The ECLJ said, "The implementation of domestic laws to combat defamation of religion in many OIC countries reveals a selective and arbitrary enforcement toward religious minorities, who are often Christians. Those violations are frequently punishable by the death penalty."

The newest "anti-defamation" plan was submitted in March. It specifically cites a declaration "adopted by the Islamic Conference of Foreign Ministers" at a meeting in Islamabad "which condemned the growing trend of Islamophobia and systematic discrimination against adherents of Islam."

It also cites the dictates from the OIC meeting in Dakar, "in which the Organization expressed concern at the systematically negative stereotyping of Muslims and Islam and other divine religions."

It goes on to cite a wide range of other practices that "target" Islam, but does not mention any other religions, and urges all nations to provide "adequate protection against acts of hatred, discrimination, intimidation and coercion resulting from the defamation of any religion."

According to published reports, the U.N. Commission on Human Rights' 53 members voted to adopt the resolution earlier this year, with opposition from the United States and the European Union.

At the time, Cuba's delegate, Rodolfo Reyes Rodriguez, said: "Islam has been the subject of very deep campaign of defamation."

"They're attempting to pass a sinister resolution that is nothing more than blatant religious bigotry," the ACLJ said in its promotion of its petition. "This is very important to understand.
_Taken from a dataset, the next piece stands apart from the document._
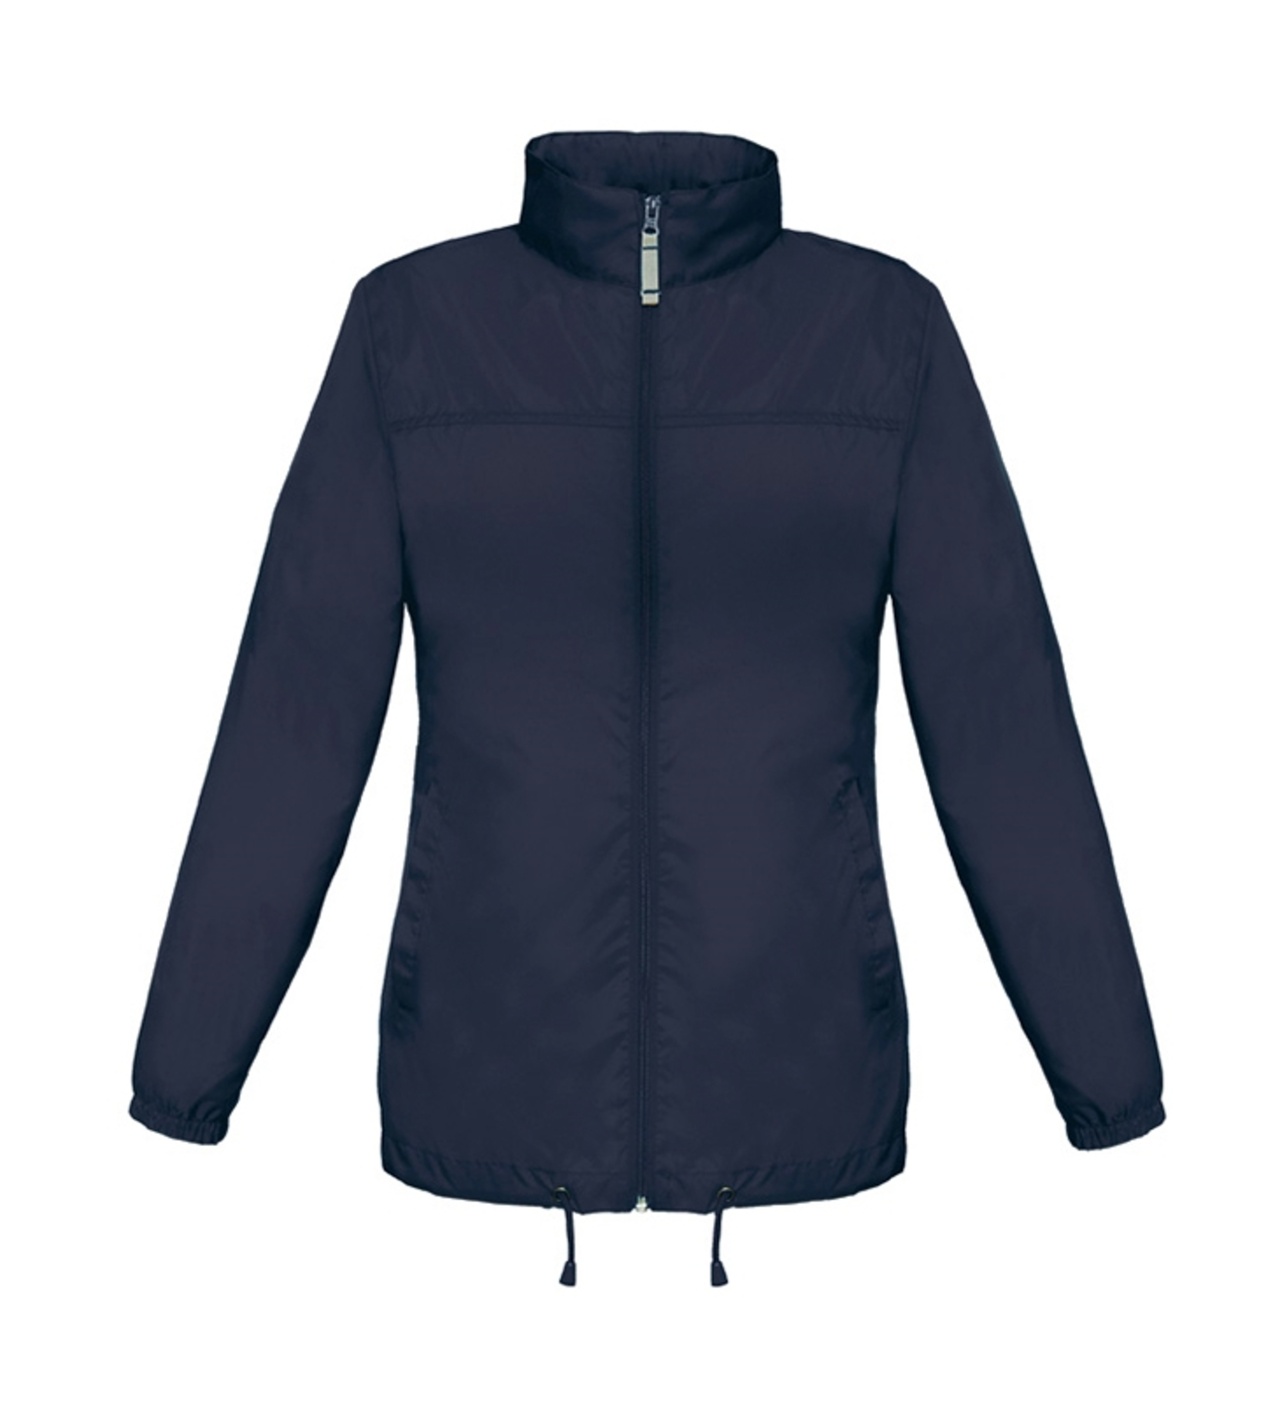 B and C Collection Sirocco Woman - Navy - XXL

This radical proposal would outlaw Christianity … it would make the proclamation of your faith an international crime."

"In his recent dissent on the Supreme Court's ruling on Guantanamo Bay, Justice Scalia said, 'America is at war with radical Islamists.' Never has this rung more true than today. Never have Christians been more targeted for their religious beliefs. And never have we faced a more dangerous threat than the one posed by the OIC," the ACLJ said.

On the Grizzly Groundswell blog, the author described the situation as, "The United Nations: 160 cannibals and 17 civilized people taking a majority vote on what to have for dinner."

The U.S. State Department also has found the proposal unpalatable.

"This resolution is incomplete inasmuch as it fails to address the situation of all religions," said the statement from Leonard Leo. "We believe that such inclusive language would have furthered the objective of promoting religious freedom. We also believe that any resolution on this topic must include mention of the need to change educational systems that promote hatred of other religions, as well as the problem of state-sponsored media that negatively targets any one religion."